To view the regional data table, click here.
Ontario
Similar to RE/MAX report findings in 2023, there’s a nearly even split among Ontario markets analyzed that are favouring buyers (Grand Bend, Peterborough, The Kawarthas and Southeast Georgian Bay, Honey Harbour and Port Severn), sellers (Sudbury, Manitoulin, French River and Kenora/Lake-of-the-Woods) or experiencing balanced conditions (Muskoka, Haliburton County and Simcoe County). While most Ontario recreational property owners are holding onto their cottages, even amid affordability challenges, RE/MAX brokers in regions such as Muskoka and Haliburton County – two of the most popular cottage markets in the province – have reported a flood of sales, compared to other Ontario regions.
Demand for cottages in Ontario is driven primarily by families in nearly all markets surveyed, with the exception of Grand Bend. This is followed by young couples (in 63 per cent of markets including Muskoka, Haliburton County, Peterborough and The Kawarthas, Southeast Georgian Bay, Honey Harbour, Port Severn, Lake Huron Area (Bayfield, and Goderich)) and Kenora/Lake-of-the-Woods); and retirees (in 54 per cent of markets including Peterborough and The Kawarthas, Southeast Georgian Bay, Honey Harbour and Port Severn; Grand Bend, Lake Huron Area (Bayfield and Goderich) and Kenora and Lake-of-the-Woods).
While out-of-province buyers are an increasing trend in recreational markets in Atlantic Canada and Alberta, Ontario’s cottage buyers are generally local to the province, with the exception of Kenora and Lake-of-the-Woods, which sees interprovincial buyers primarily from Manitoba, due to its proximity to the neighbouring province.
When it comes to amenities, waterfront properties are in highest demand in Ontario, followed by properties with lots of outdoor and green space, and good Wi-Fi access.
Year-over-year, 54 per cent of Ontario’s cottage markets saw average prices decline between five and 28.7 per cent, including Muskoka (down five per cent, from $1,487,265 Q1 2023 to $1,412,237 in Q1 2024); Kenora and Lake-of-the-Woods (down seven per cent, from $389,066 in Q1 2023 to $361,852 in Q1 2024); Grand Bend (down eight per cent, from $912,135 in Q1 2023 to $839,476 in Q1 2024); Sudbury (down 16.1 per cent, from $688,750 in Q1 2023 to $577,862 in Q1 2024); and Southeast Georgian Bay, Honey Harbour and Port Severn (down 28.7 per cent, from $1,272,917 in Q1 2023 to $906,967 in Q1 2024).

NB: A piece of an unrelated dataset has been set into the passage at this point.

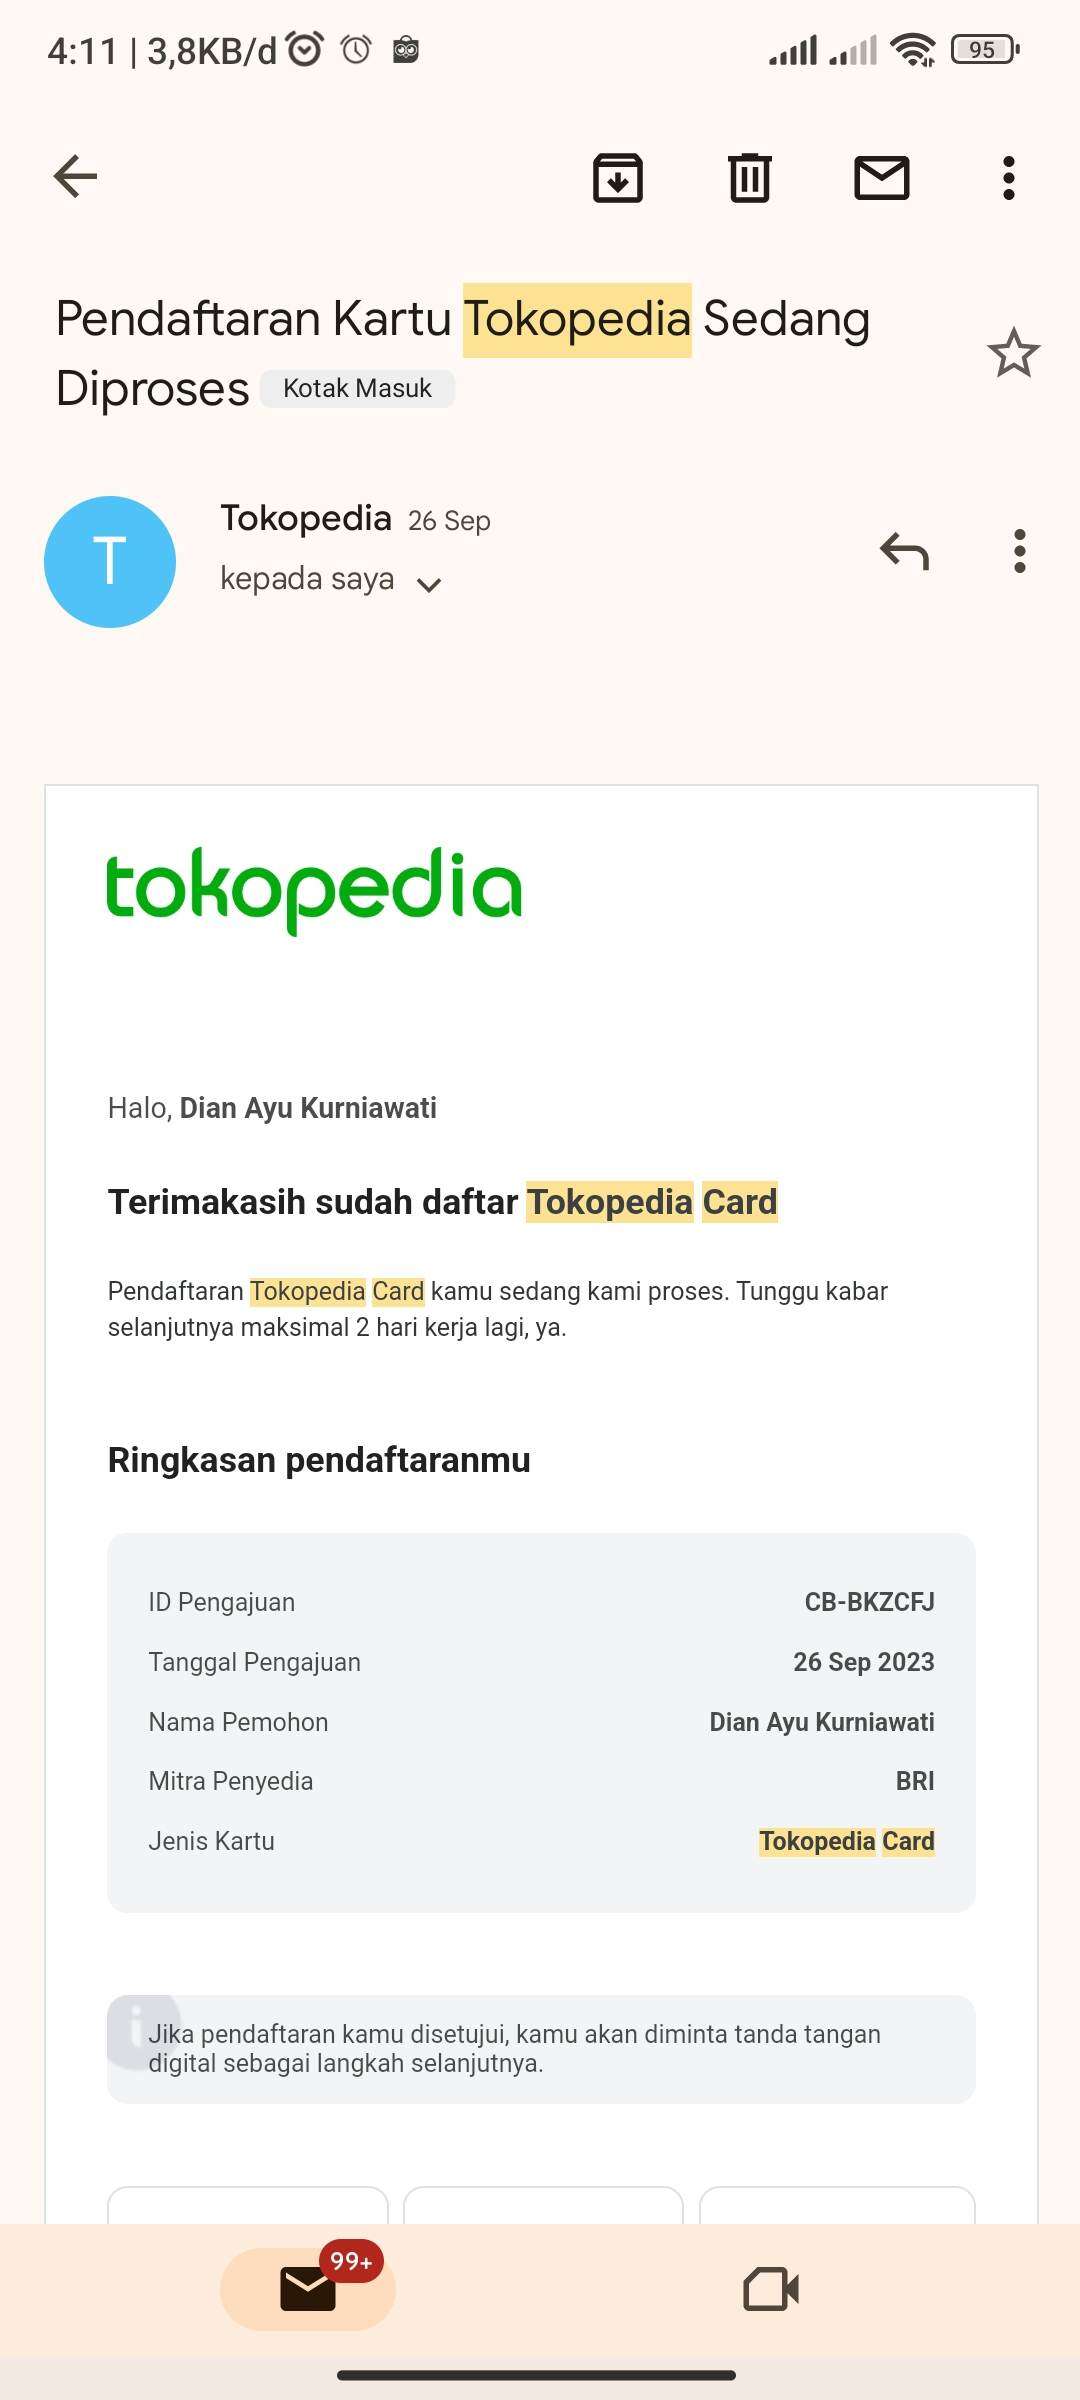 Bukti pendaftaran Tokopedia Card

Meanwhile, regions that experienced price increases include Manitoulin & French River (up 3.4 per cent, from $396,241 Q1 of 2023 to $409,591 in Q1 2024); Simcoe County (up 10.2 per cent, from $1,800,000 in Q1 2023 to $1,983,333 in Q1 2024); Haliburton County (up 18.7 per cent, from $816,112 in Q1 2023 to $968,794 in Q1 2024); and most notably, Peterborough and The Kawarthas (up 93.1 per cent, from $465,000 in Q1 2023 to $898,000 to Q1 2024).
RE/MAX brokers and agents in Ontario are anticipating cottage prices to increase in 72 per cent of recreational markets by the end of 2024, to the tune of up to 33 per cent. The outlier is Simcoe County, where prices are expected to stay level due to the interest rate climate.
On the sales side, some Ontario markets are showing promise, with significant year-over-year increases in the first quarter of 2024. Sales in Grand Bend were up 11.5 per cent (from 26 sales in 2023 to 29 in 2024); up 41.7 per cent in Haliburton County (24 sales in 2023 to 34 in 2024); up 50 per cent in Simcoe County (six sales in 2023 to nine in 2024); and up a whopping 800 per cent in Peterborough and The Kawarthas (from one sale in 2023 to nine in 2024). The sales outlook for the remainder of the year remains focused on growth in all regions surveyed, with an anticipated year-end sales increase of between three to 50 per cent, except for Sudbury, which is anticipating prices to remain steady.